Management of all shipboard food preparation to ensure that the line’s high culinary standard of cuisine is maintained within the budgetary limitation established as company policy. Assists the Executive Chef in his duties.
The Executive Sous Chef is responsible to ensure the guest satisfaction of the food product in their outlet. They also ensure that staff is trained in order to provide the service necessary for the continued service we provide on board. The decisions made regarding food costs and waste management is imperative to the success of the company as well as team morale and support to the management.
Reporting relationships:
The Executive Sous Chef reports directly to the Executive Chef de Cuisine.
Physical Demands:
For the safety of yourself and others on board certain physical abilities shall be maintained. Must be able to bend, climb, perform repetitive motion, and repetitively heavy lift.

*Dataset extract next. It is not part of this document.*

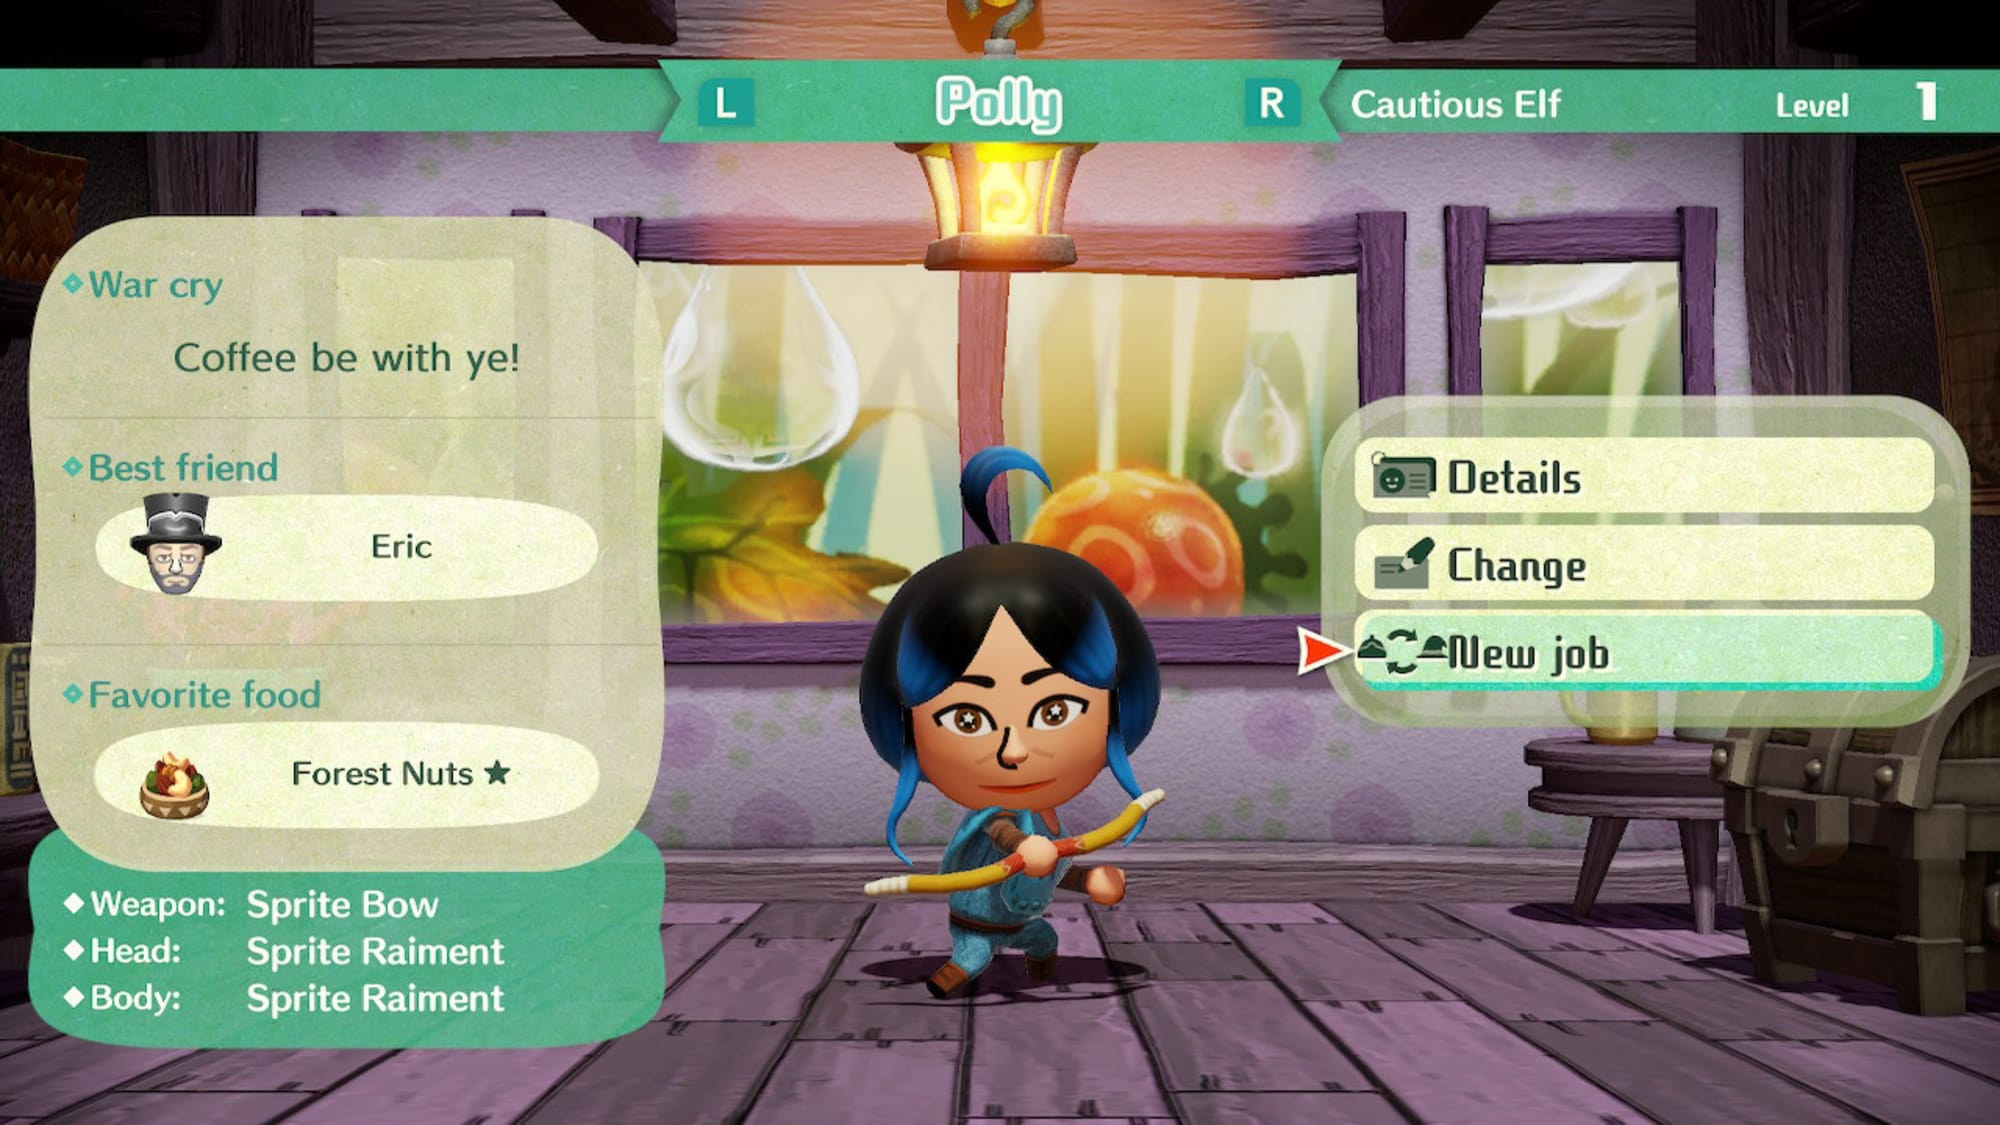 Miitopia: How to unlock the Elf Class

Must maintain physical fitness to perform tasks associated with job.
Travel Requirements:
- Passport – valid for a minimum of 6 month
- Flag state issued seaman book
- General flag state or flag state approved marine fitness medical United States C1/D visa
- English Marlin test at minimal score of 80%
- Pre-employment medical examination
Working Conditions:
Working on a cruise ship is very different from any land-based occupation. Working hours are longer and work is more intense due to the constant demand of the guests. You have to be very flexible in your working hours, which on occasion might have to be changed due to unforeseen circumstances. The Maritime Labour Convention of 2006 however strictly regulates these. Apart from the working hours there are strict rules which all members of the ship’s company need to adhere to as stipulated by the Master’s standing orders. You work in close proximity with your fellow crewmembers and therefore respect among all is essential.